- [WORK ORDER]: What you return should be only the lines in the entries below between the one holding "Antike chinesische Bronze" and the one holding "Maße - 11,75", ends included, with every picture left out.

───── DATASET RECORDS

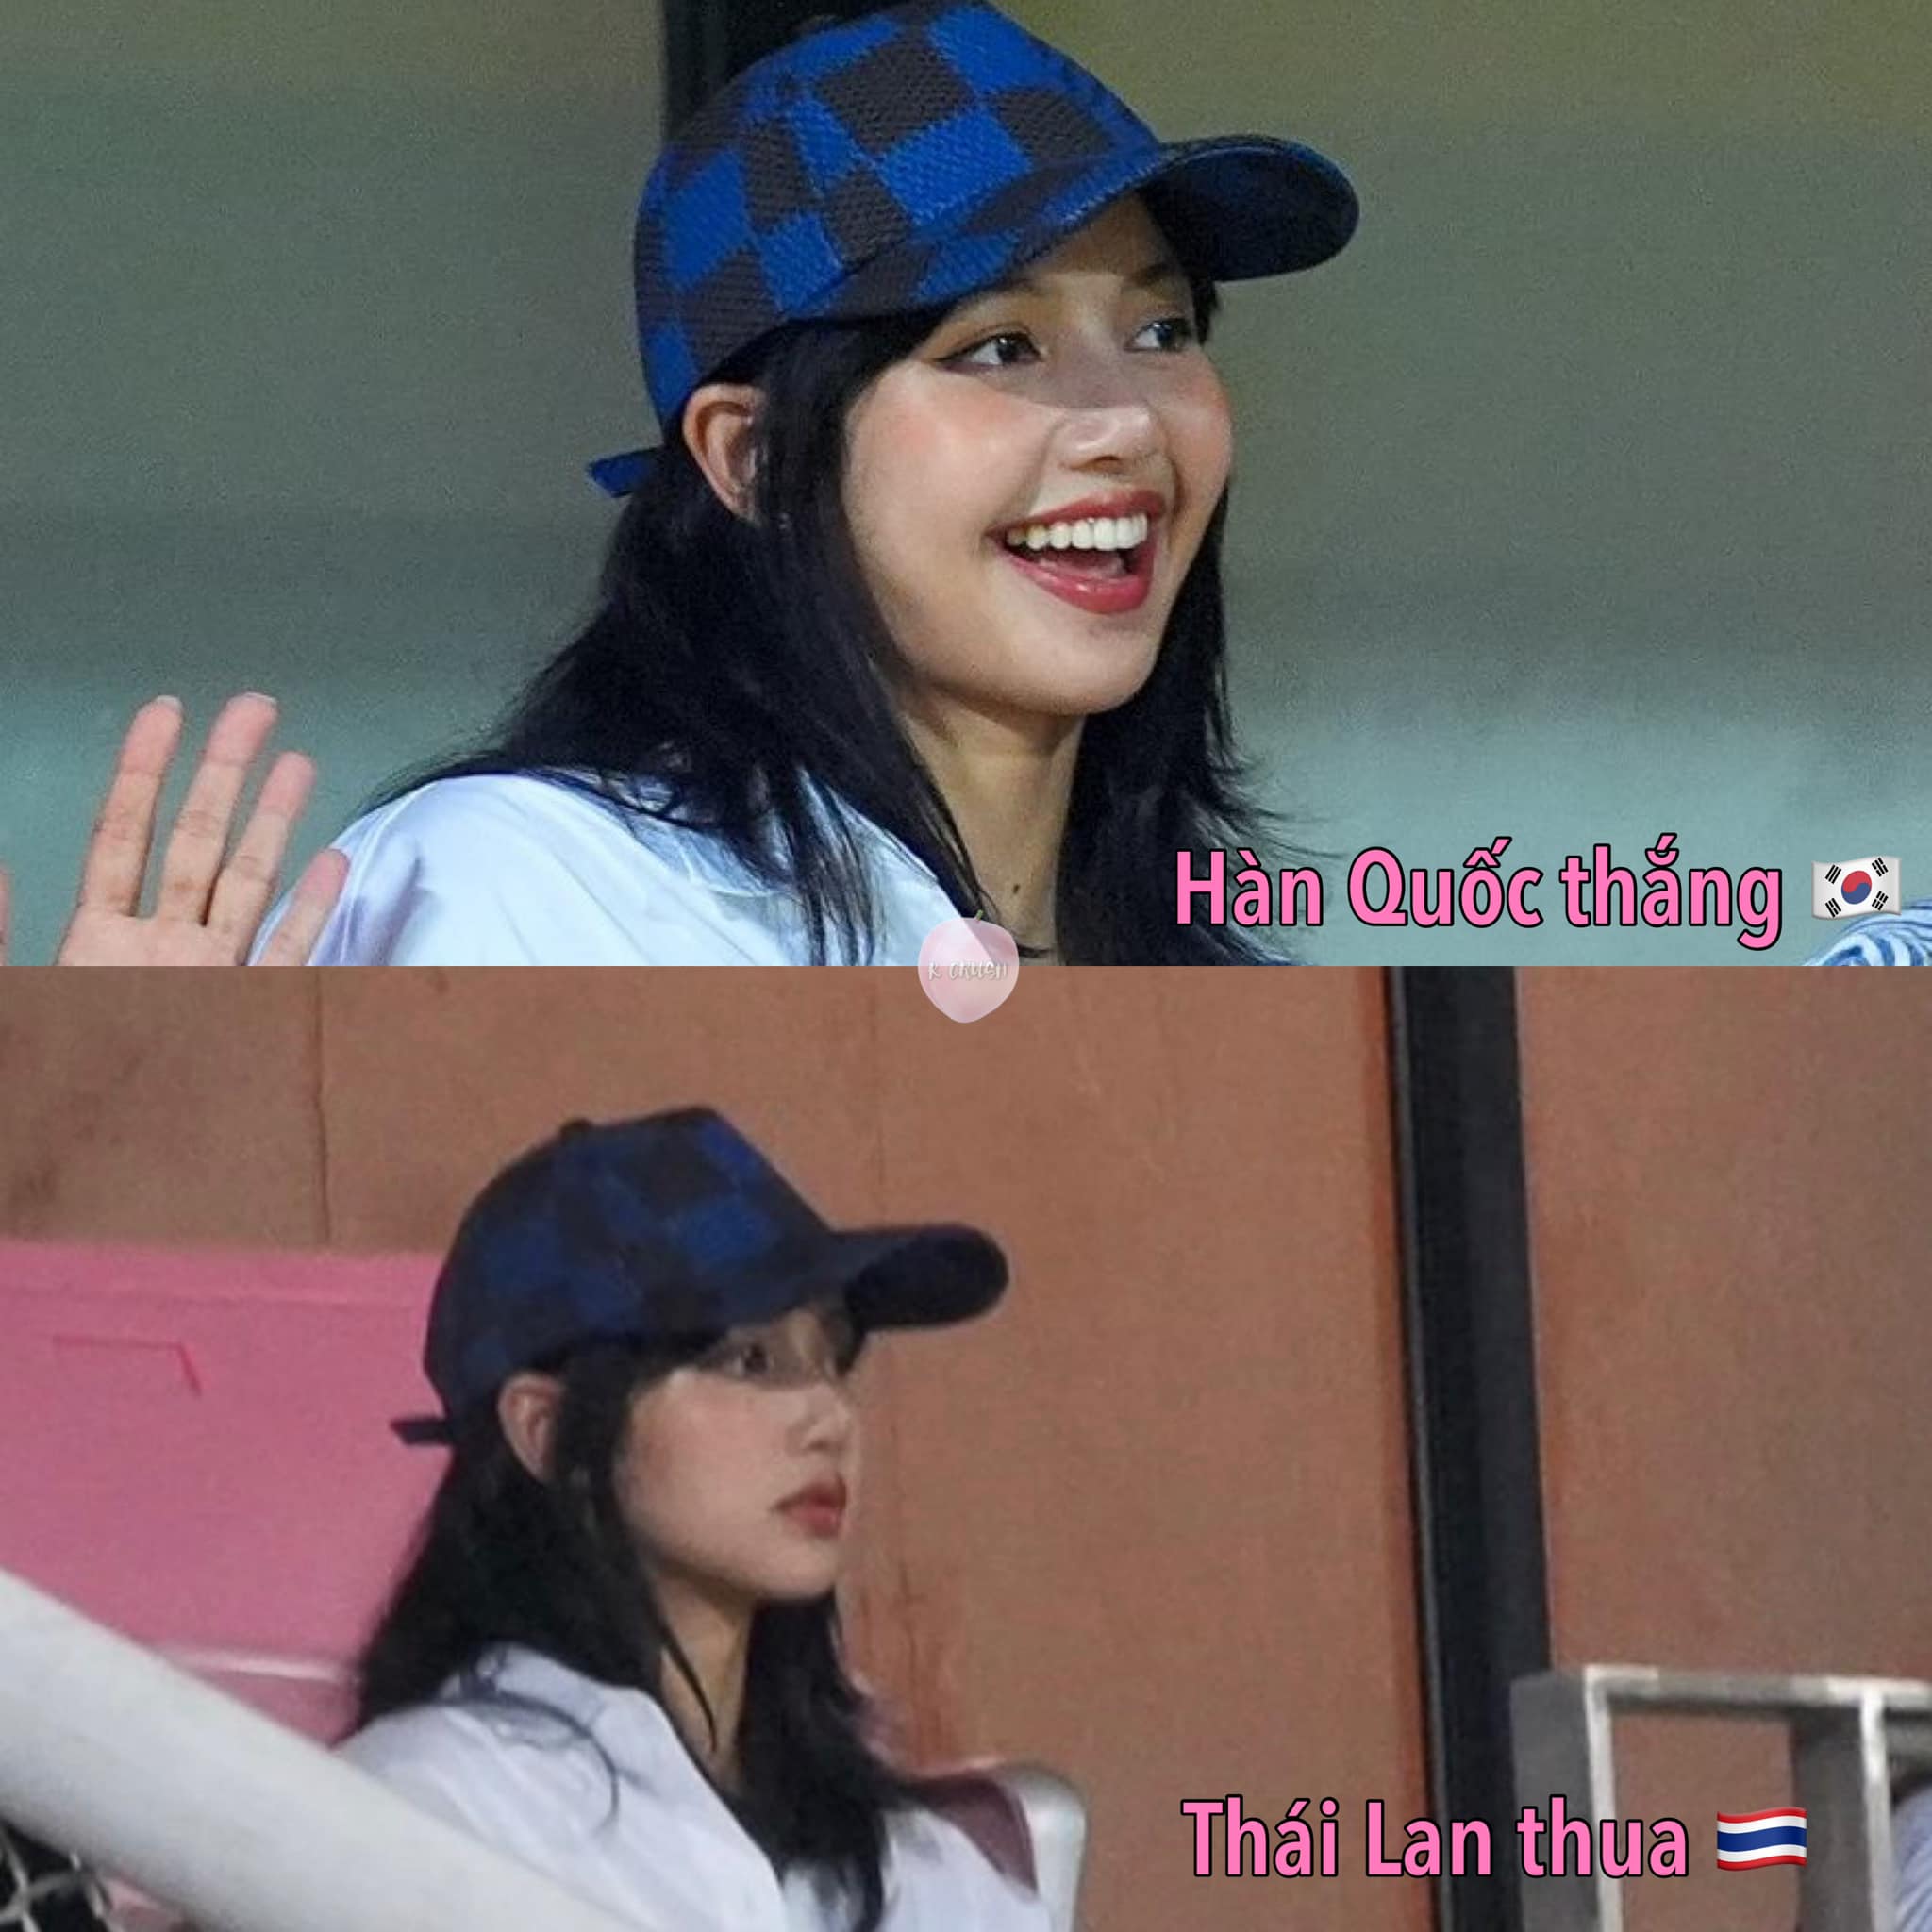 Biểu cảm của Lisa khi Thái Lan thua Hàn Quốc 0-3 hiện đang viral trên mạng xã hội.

──────────
───── DATASET RECORDS

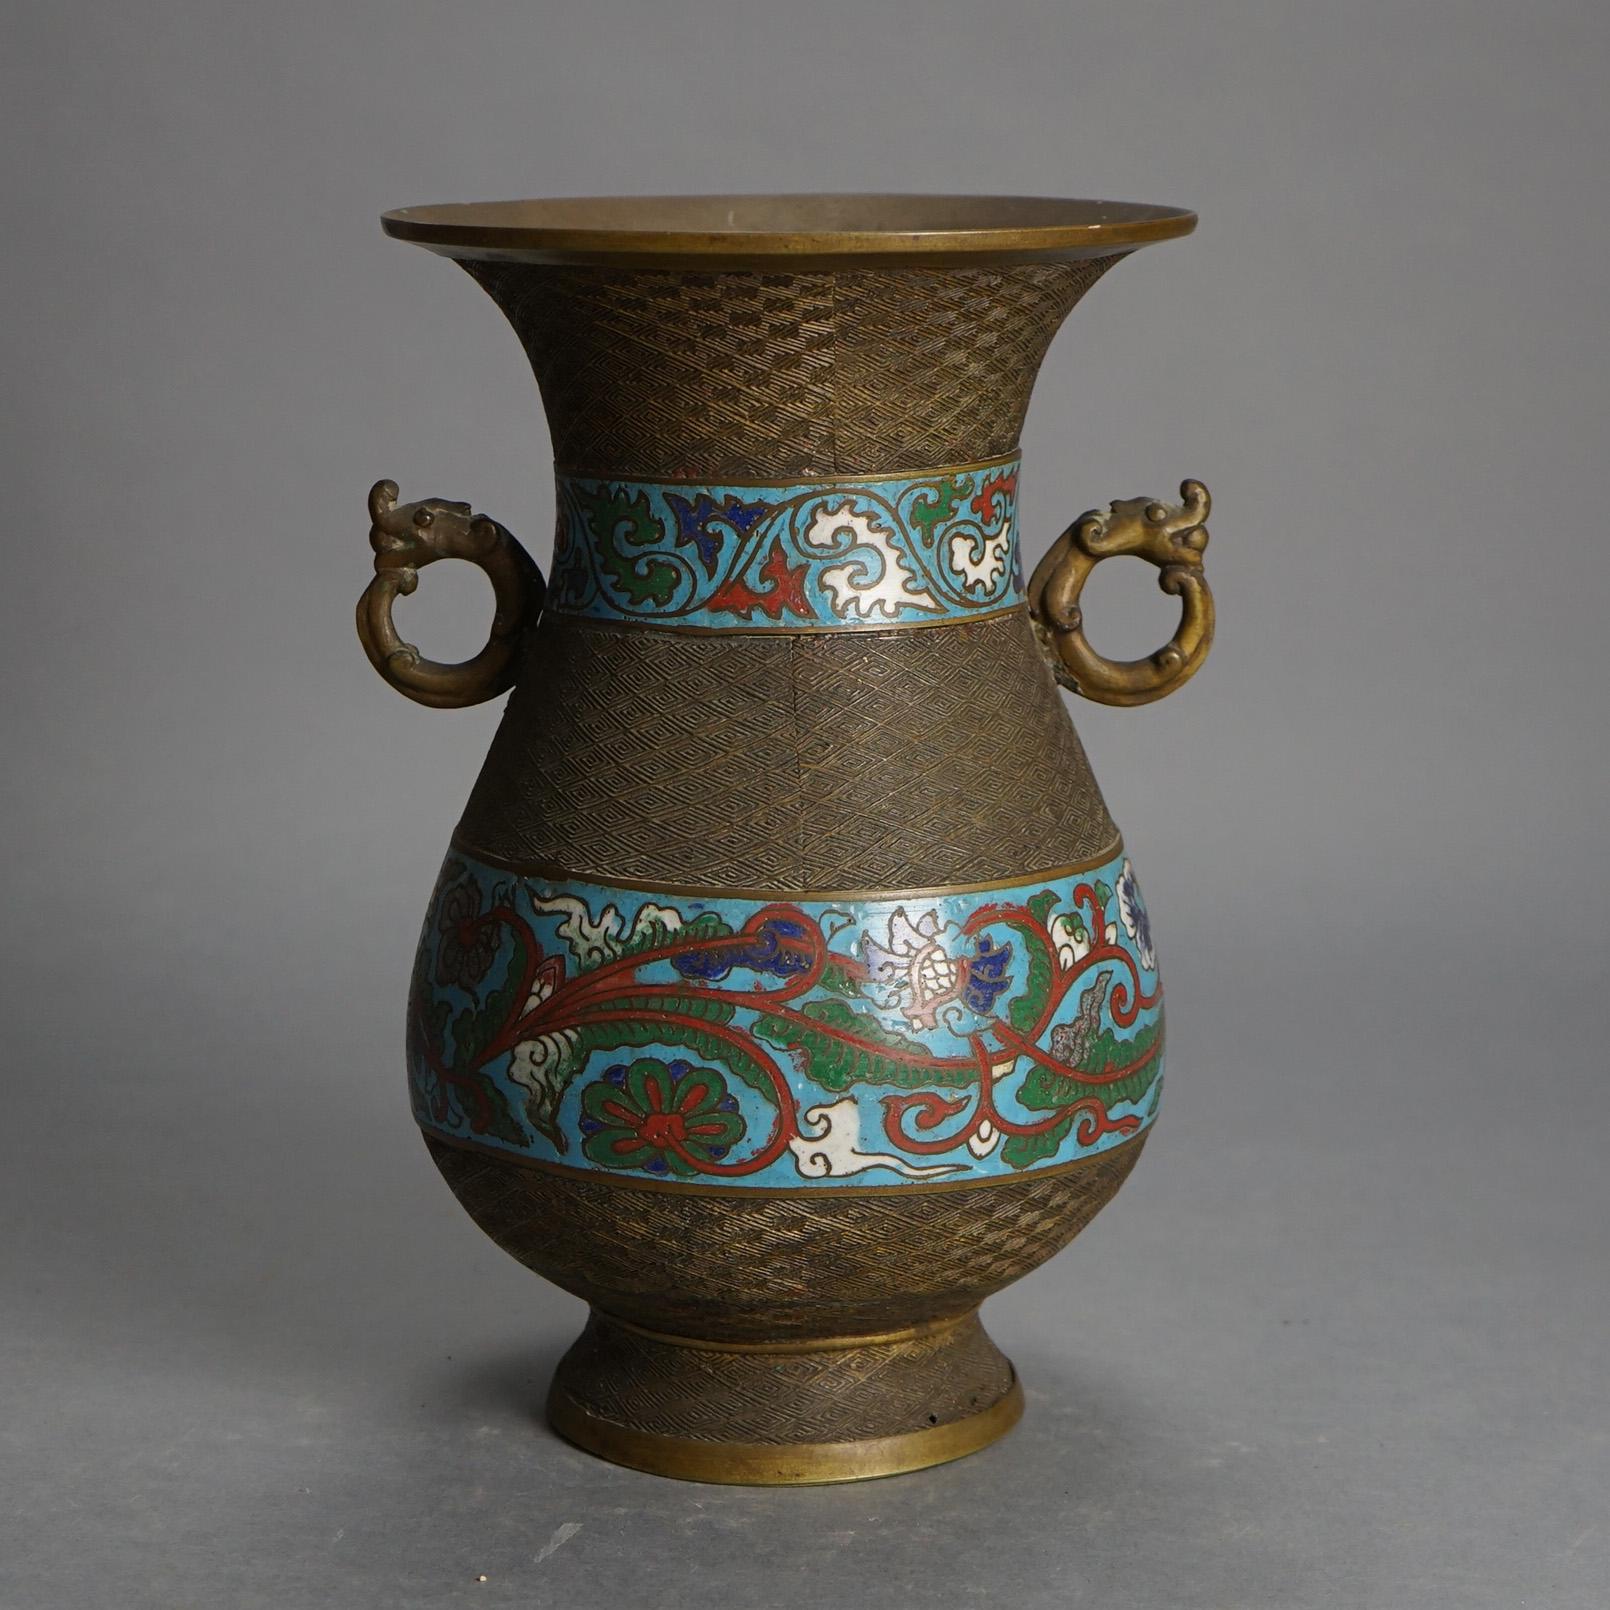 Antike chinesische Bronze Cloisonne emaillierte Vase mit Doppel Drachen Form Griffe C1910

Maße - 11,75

──────────
───── DATASET RECORDS

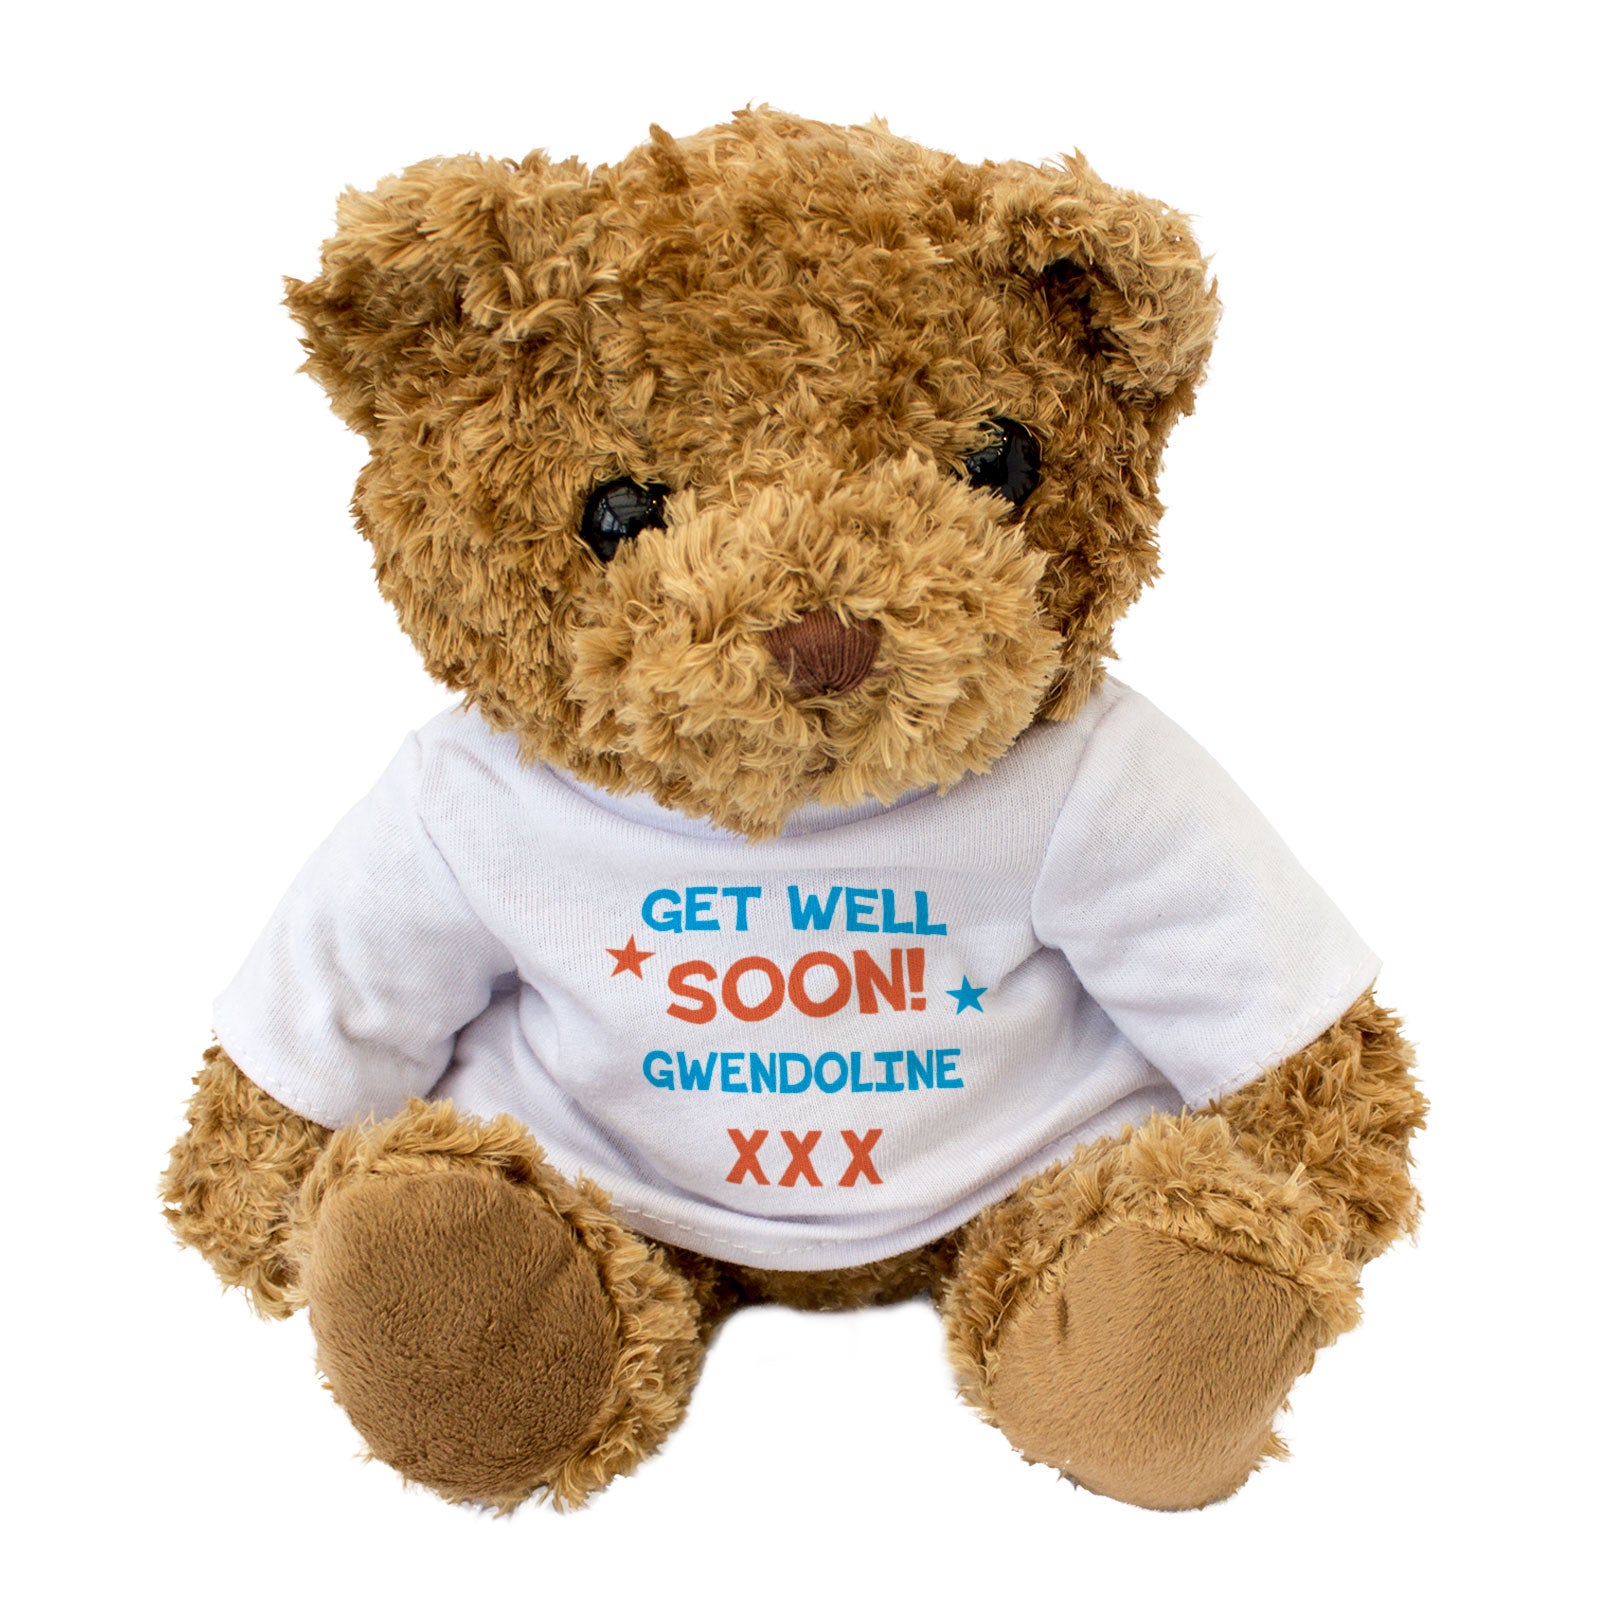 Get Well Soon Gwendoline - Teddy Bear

──────────

- [EXERCISE ANSWER]:
 Antike chinesische Bronze Cloisonne emaillierte Vase mit Doppel Drachen Form Griffe C1910

Maße - 11,75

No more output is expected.